If a child accidentally learns that saying to their parent, You dont love me, leads more often than not to their parents offering additional-solicitous care, giving in to a need or giving an additional-special treat as a reflexive proof of their love, it is only the uncommon child who will not learn to guide their parents with that accusation.
The situation works equally well in reverse… and there are many adult children being pushed to bend over backwards to please their parents in order to counter or head off an accusation of being ungrateful.
Why is this reflex so easily triggered and consequently exploited?
Typically because we all secretly know how tempting it is do the opposite… to be lazy instead of industrious, selfish instead of generous, sloppy instead of tidy.
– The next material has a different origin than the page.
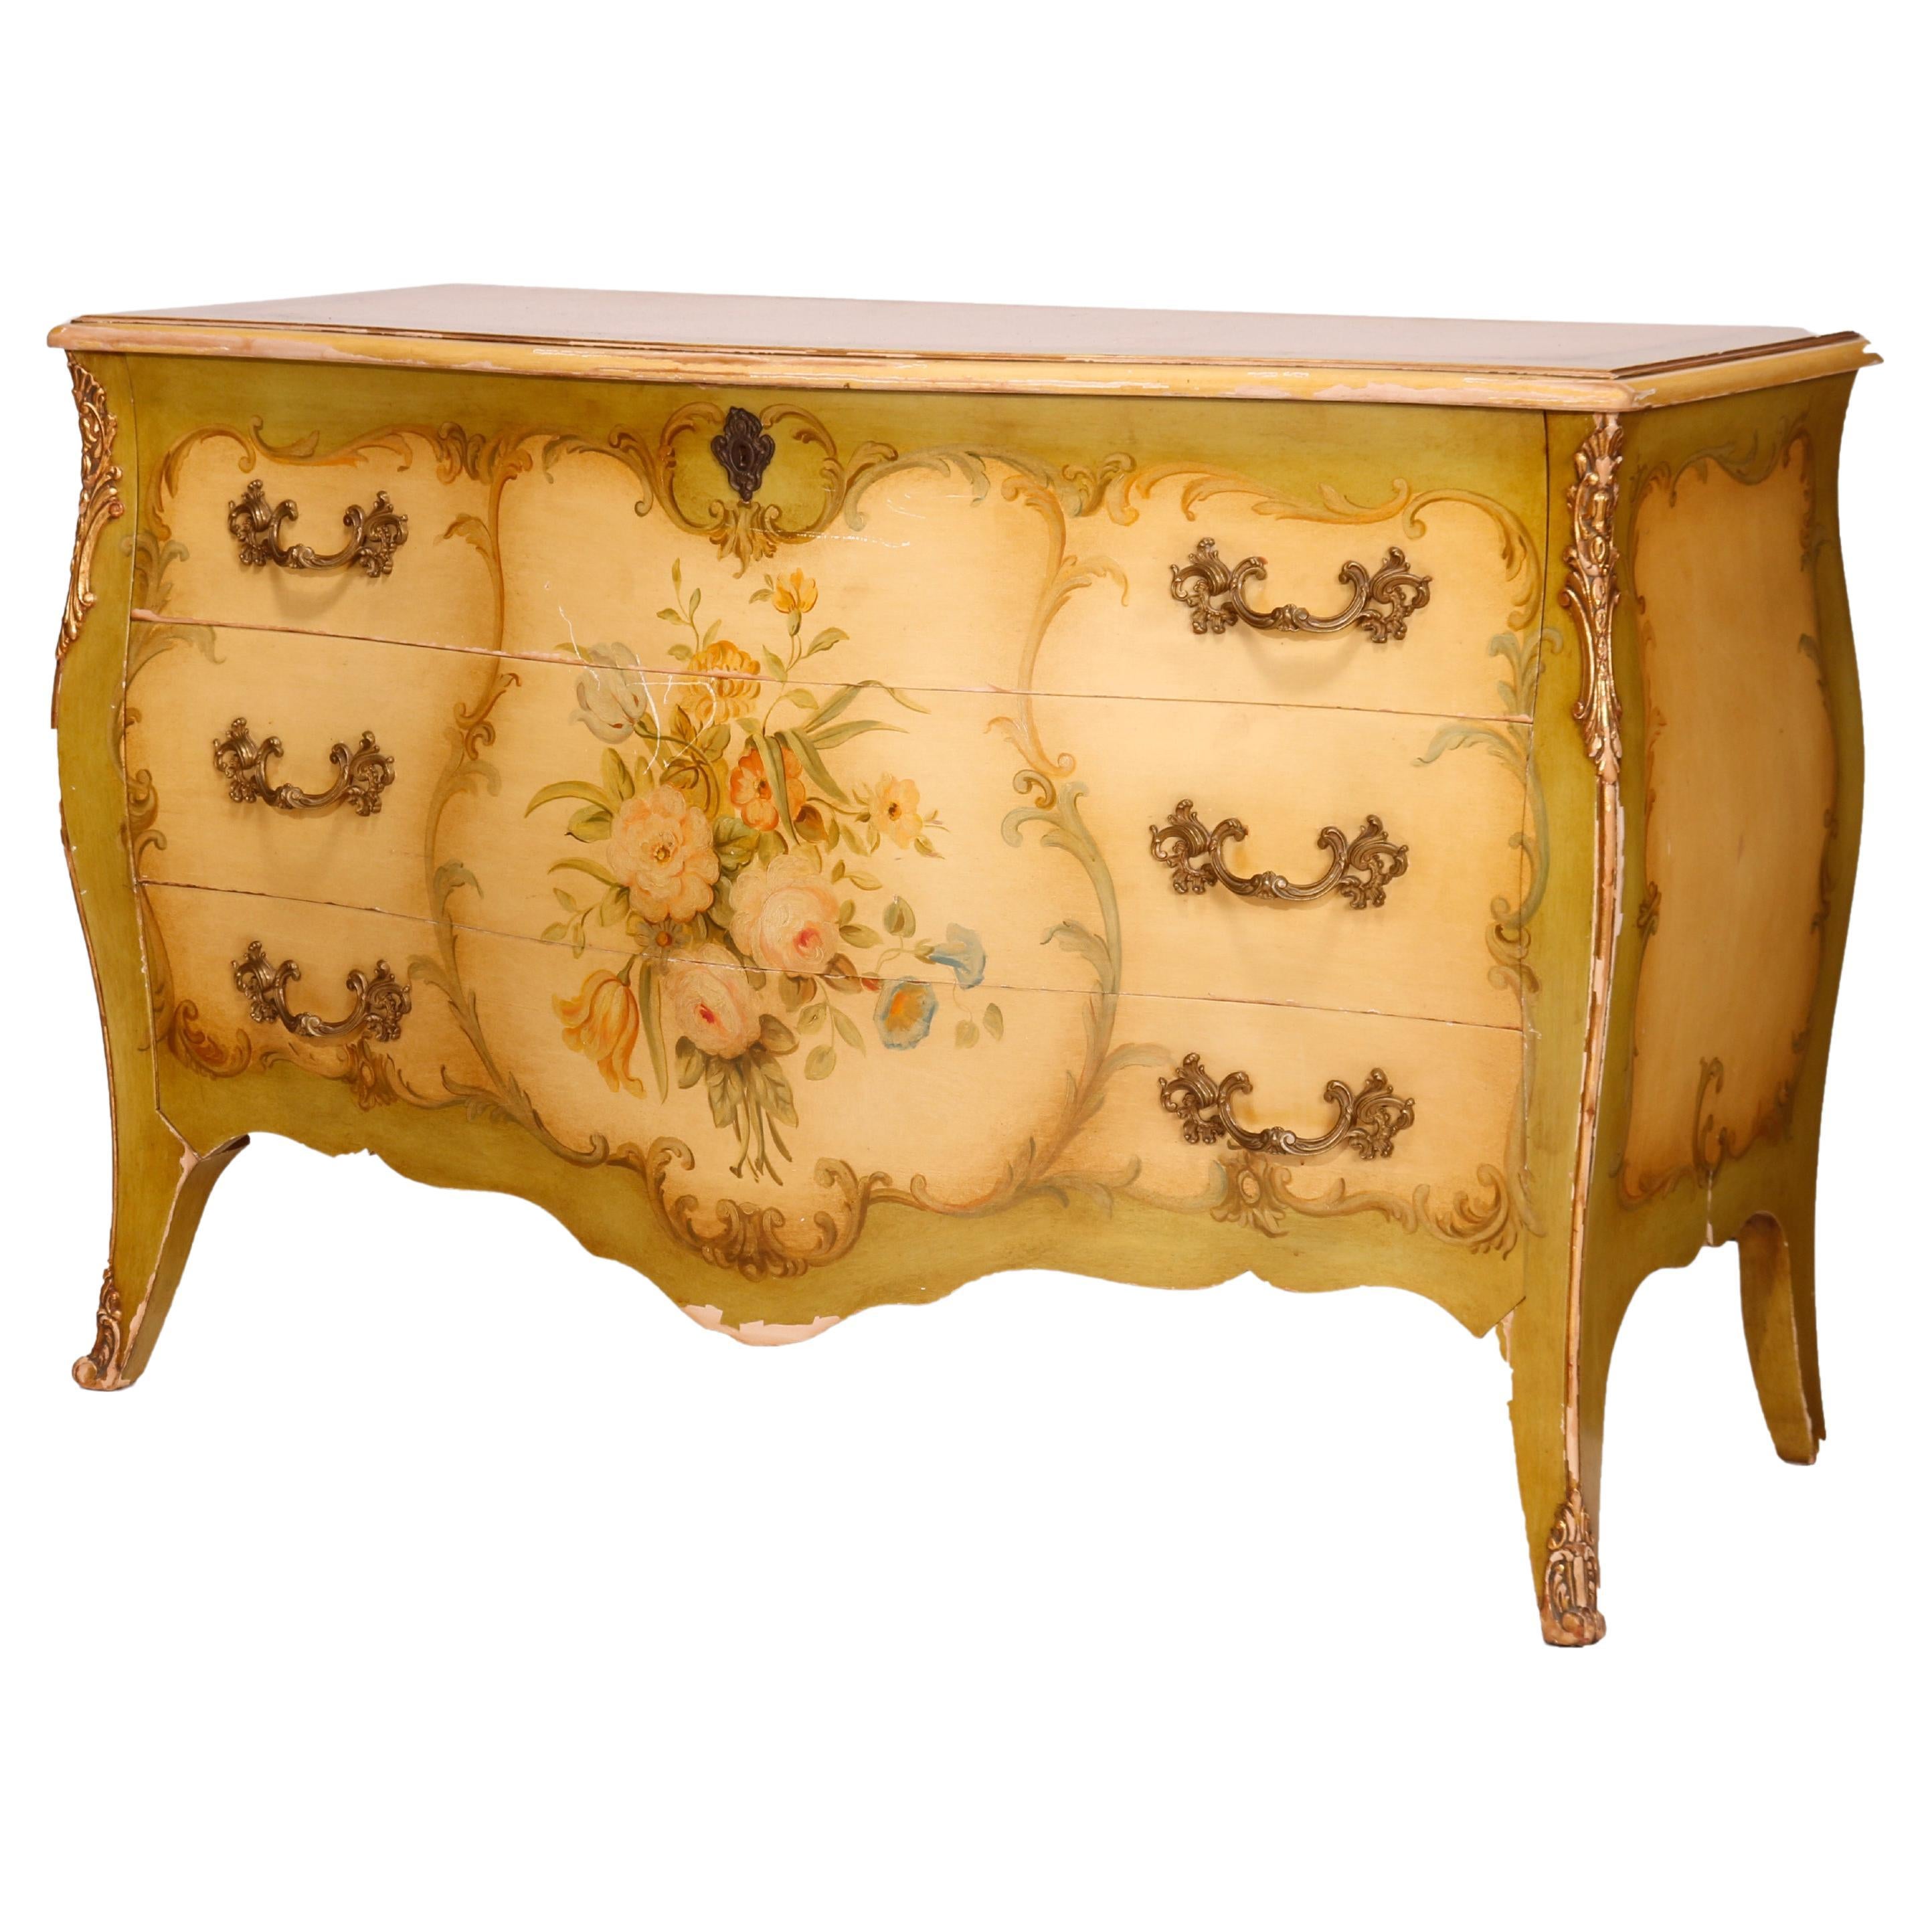 French Louis XV Style Widdicomb Painted & Gilt Bombe Chest 20th C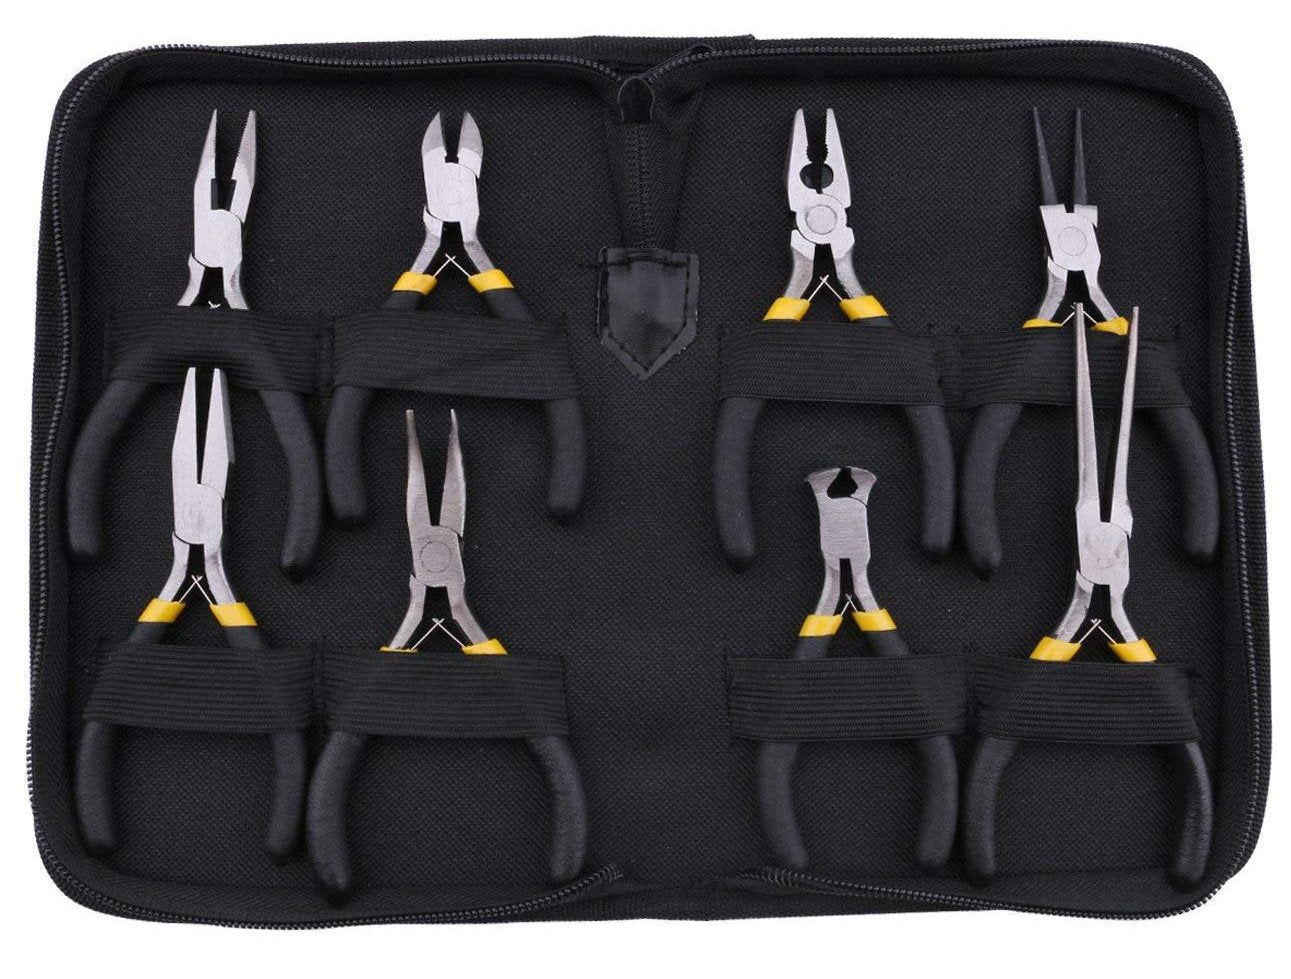 Cutters and Pliers from PMD Way with free delivery worldwide

We are most of us aware that we are in a nearly continued battle to live up to our highest values and each of us knows all the times (already when others dont see) where we have failed in small ways and large.
So we all know that, to some degree, the accusation of our without of virtue has some truth… and in the confront of the accusation we redouble our efforts to show our virtue.
Unfortunately, since virtues are intended you be inwardly-pushed, self-sustaining and self-limiting, having them challenged and responding reflexively in response can quickly rule to inappropriate or excessive behaviors.
The consequence is an accumulation of resentment and a sense of having being maneuvered or exploited.
True to your own path?
So what is the best way to manager others attempts to excursion you inappropriately by attacking your virtues?
By recognizing the inward solidity of the virtue, by valuing your own course and by listening to your own inner guidance system
By believing that, though you may sometimes get it wrong, your value system will truly guide you without outside supervision and tinkering from others.
Like the man whose dog chased first one leg than the other, it is possible to continue your own course despite the attempts of people around you to influence you and make you jump in one direction or another.